What needs to be done:
Print the whole listing below exactly, skipping every picture.

==== Supplied data

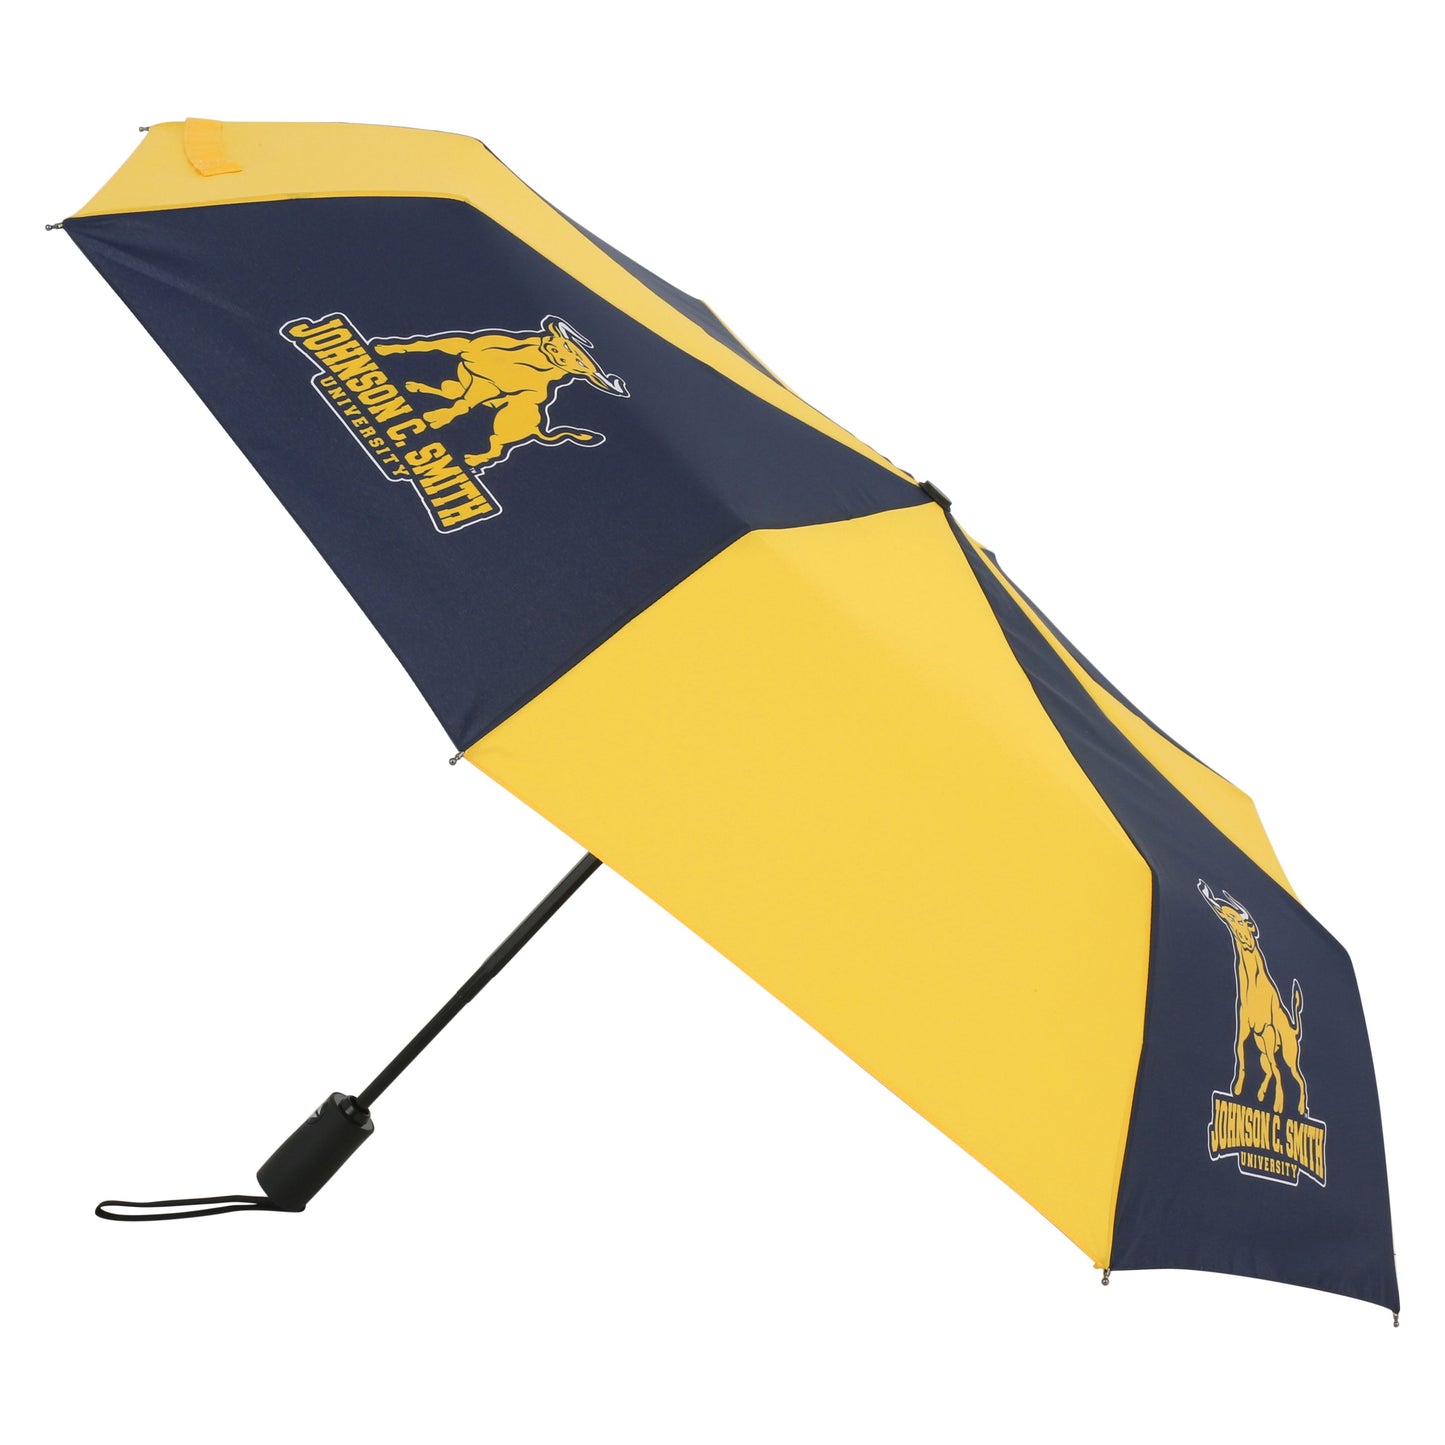 JCSU Compact Umbrella - Officially Licensed
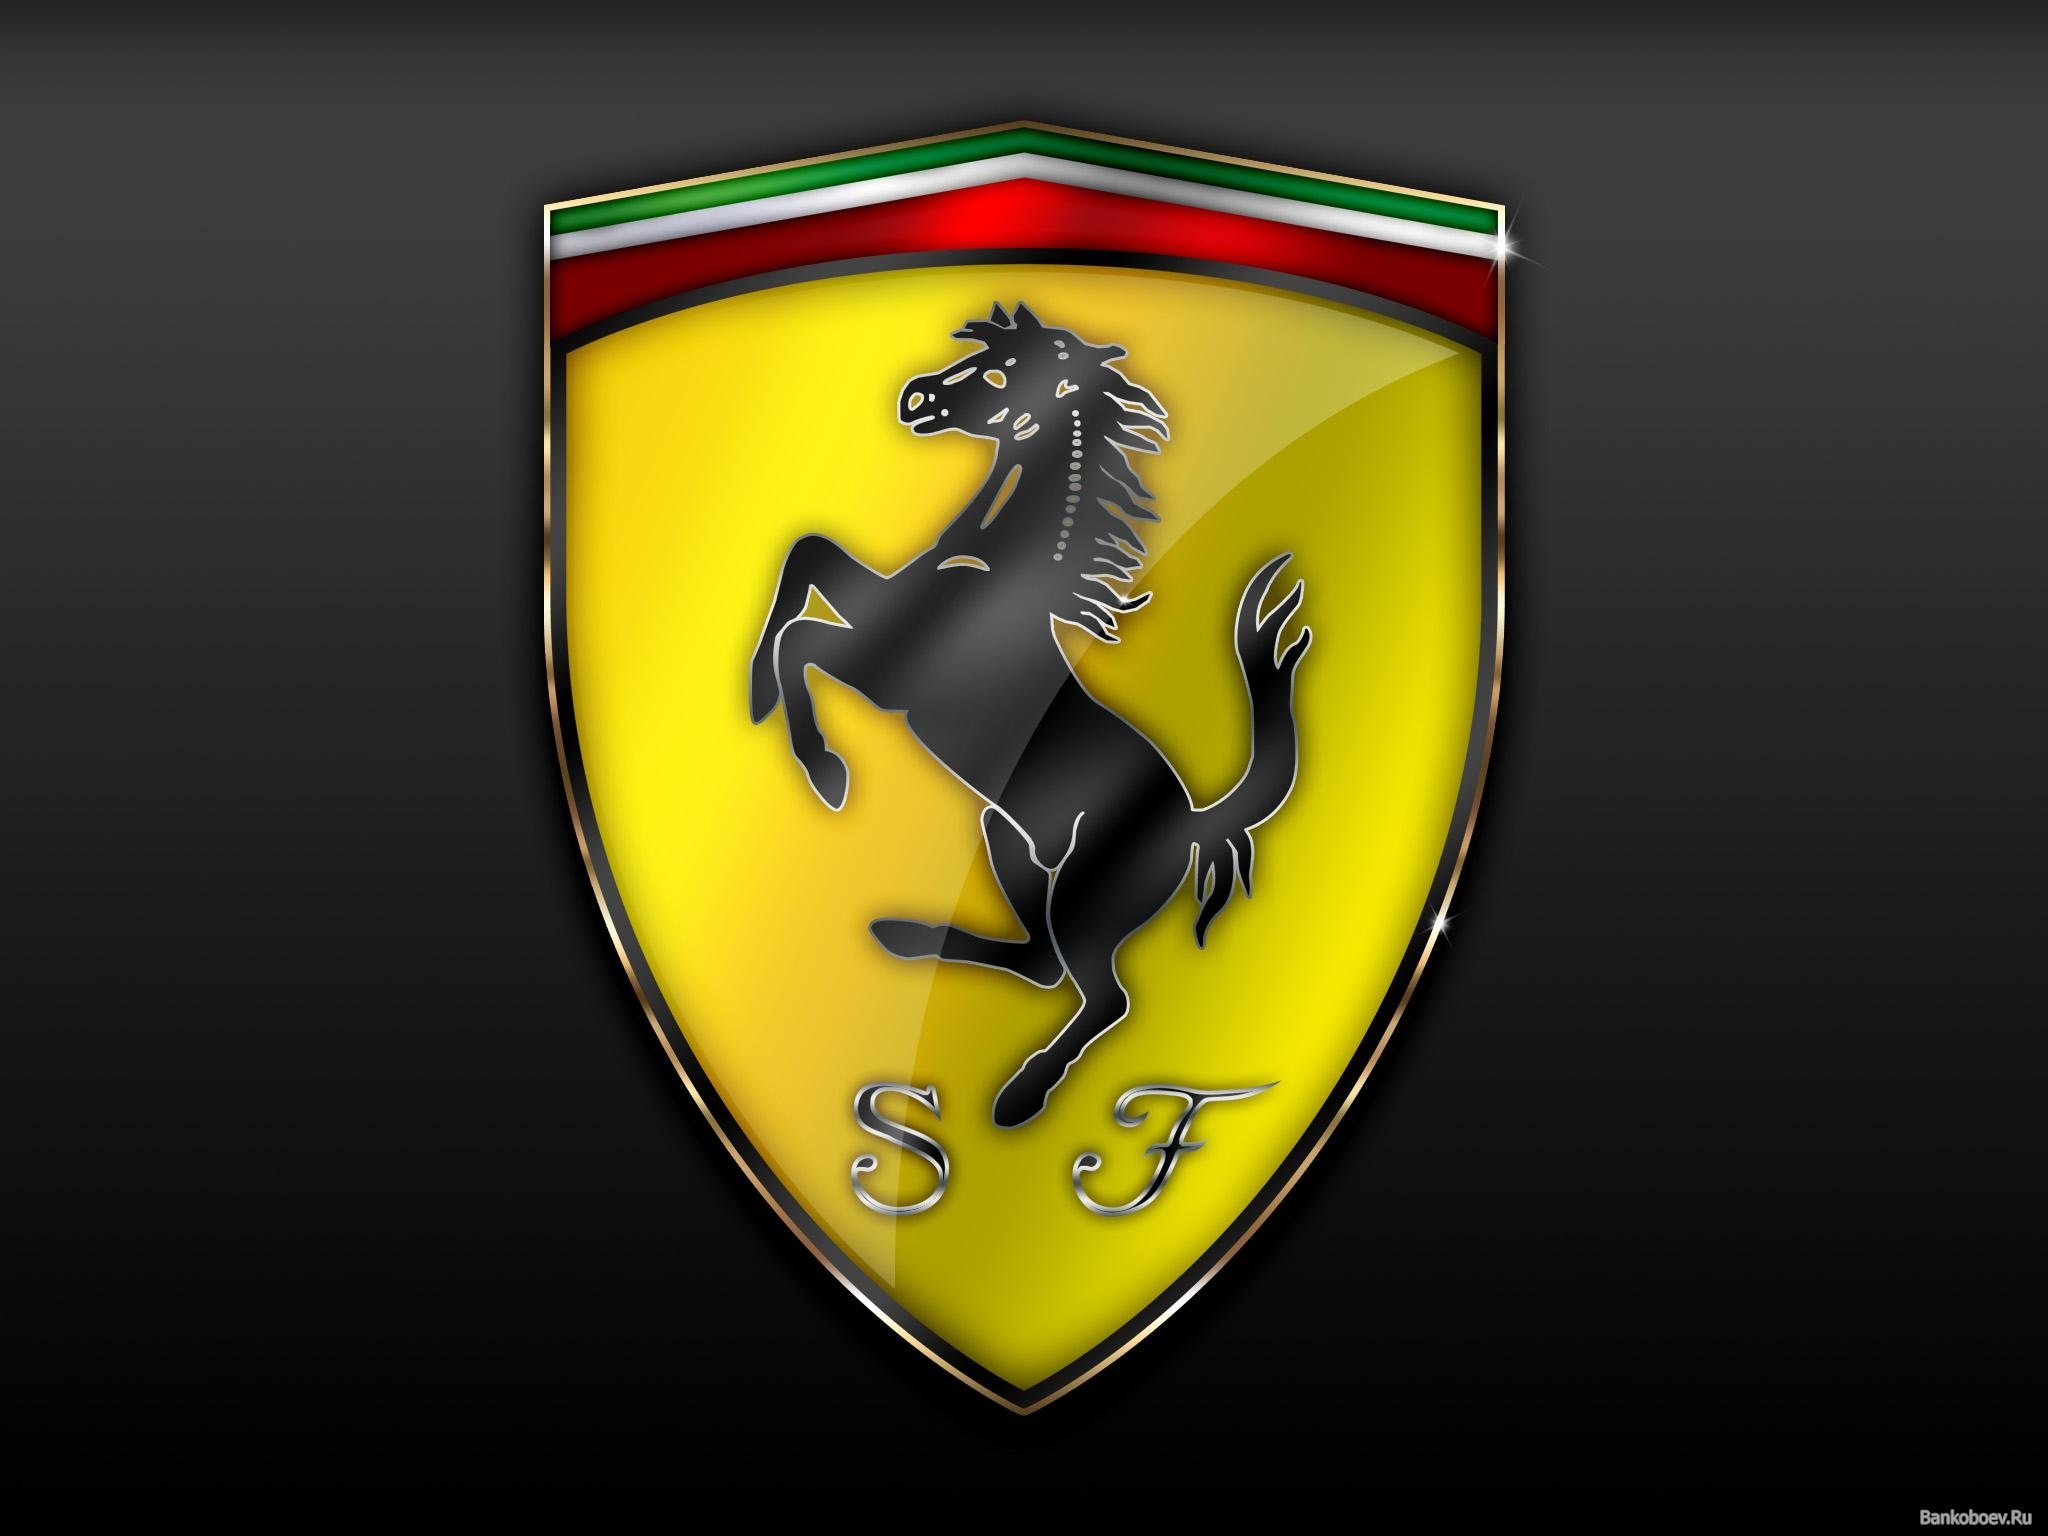 ferrari, Logo, Cars Wallpapers HD / Desktop and Mobile Backgrounds
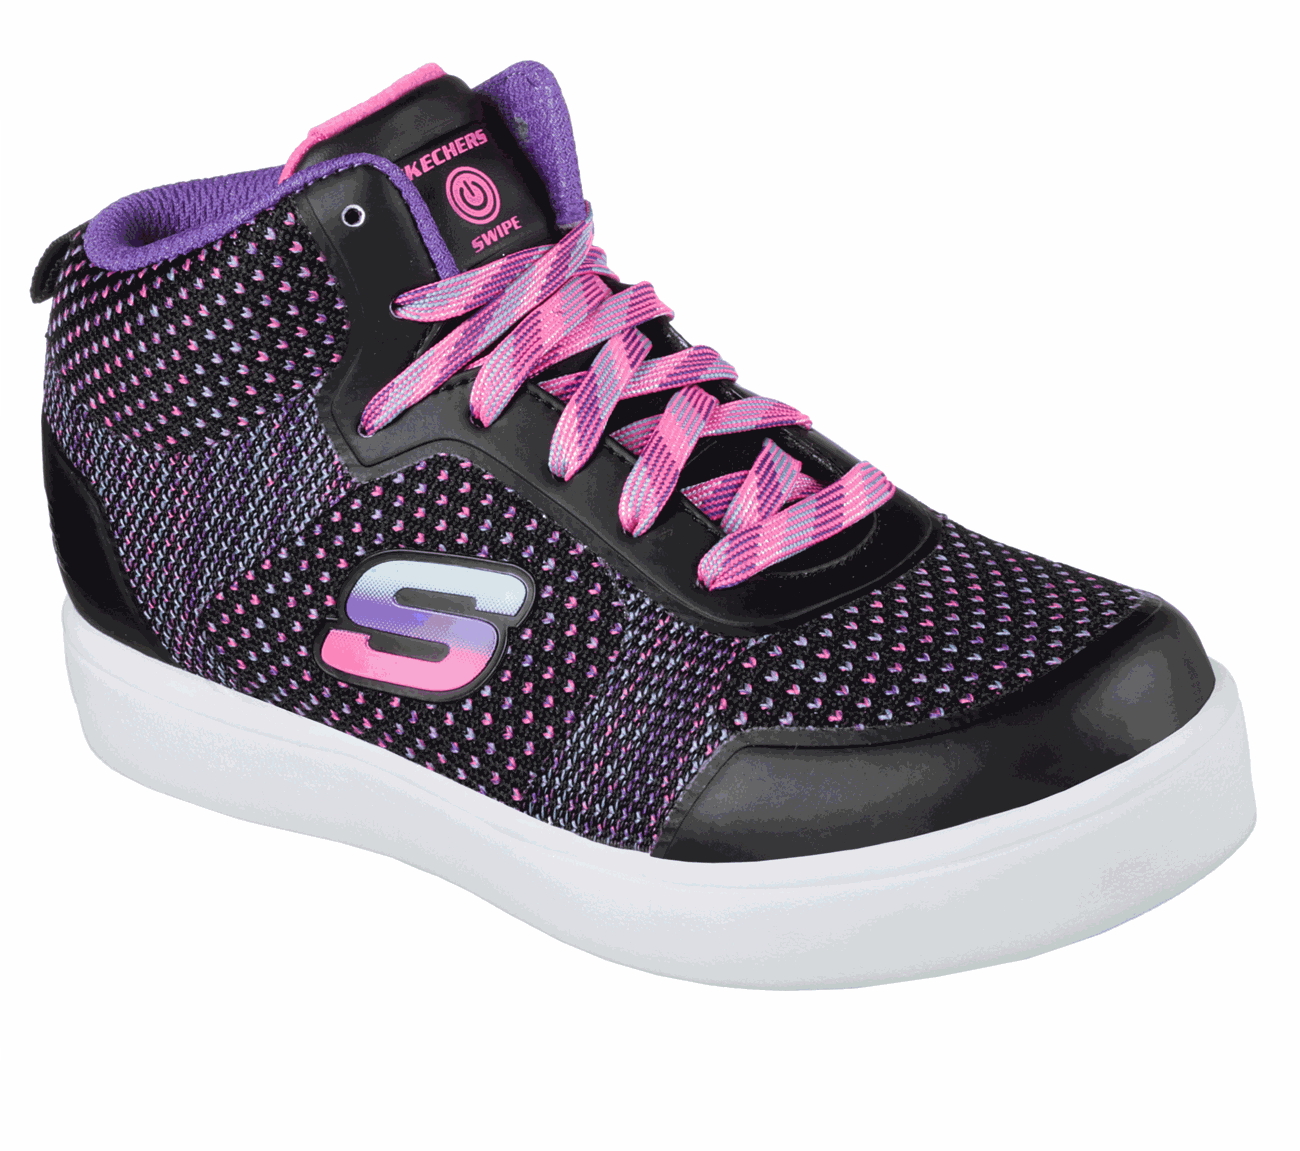 Estrella Seducir alarma Zapatos Skechers Energy Lights Pink Deals - benim.k12.tr 1687850354
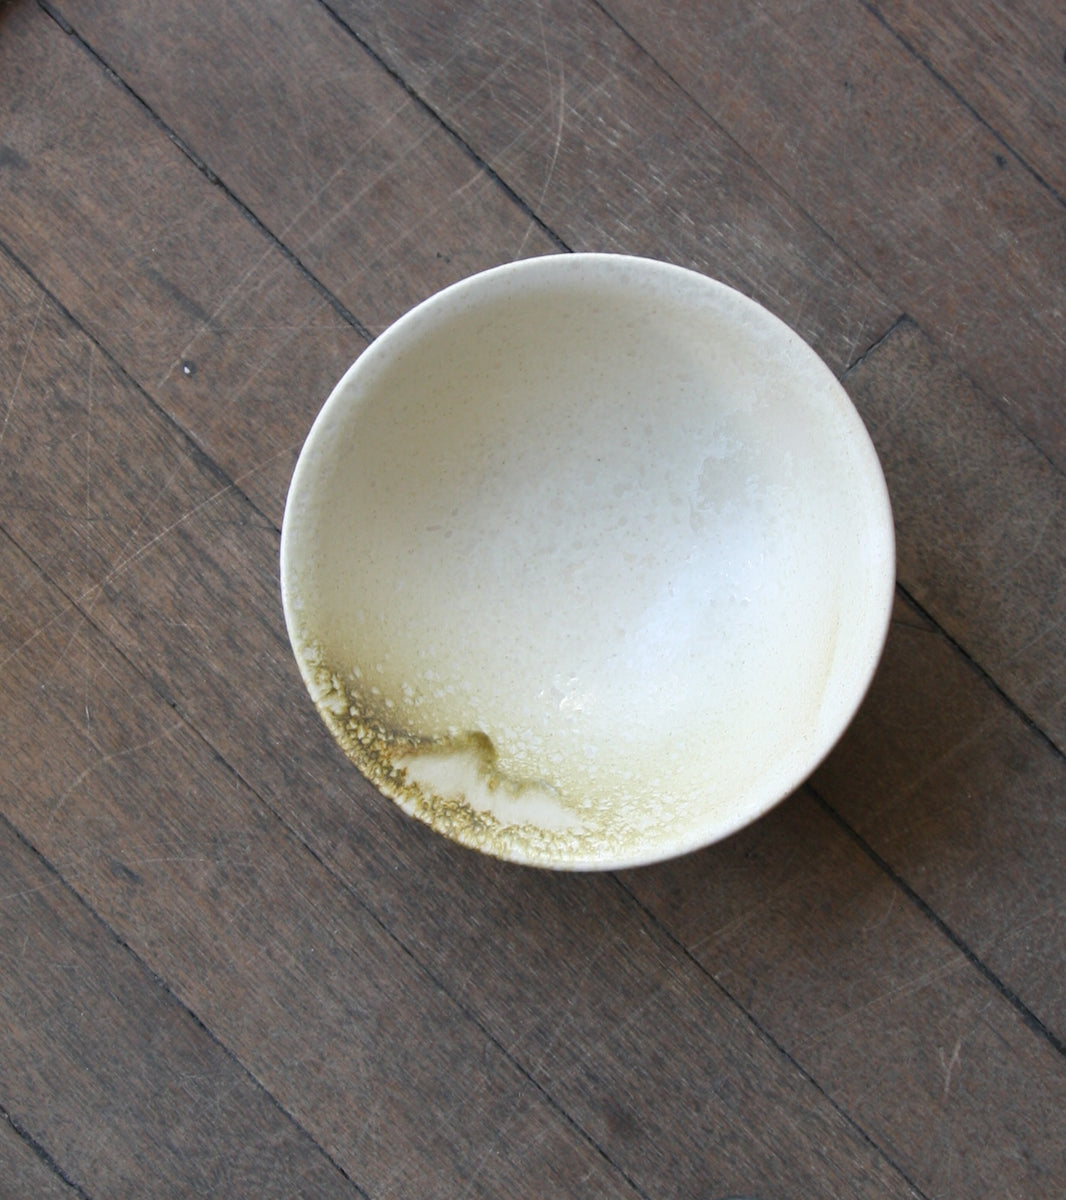 Medium Flat Out Bowl White and Yellow Glaze Kasper Würtz - Image 4

========

Answer to this problem:
 JCSU Compact Umbrella - Officially Licensed
 ferrari, Logo, Cars Wallpapers HD / Desktop and Mobile Backgrounds
 Estrella Seducir alarma Zapatos Skechers Energy Lights Pink Deals - benim.k12.tr 1687850354
 Medium Flat Out Bowl White and Yellow Glaze Kasper Würtz - Image 4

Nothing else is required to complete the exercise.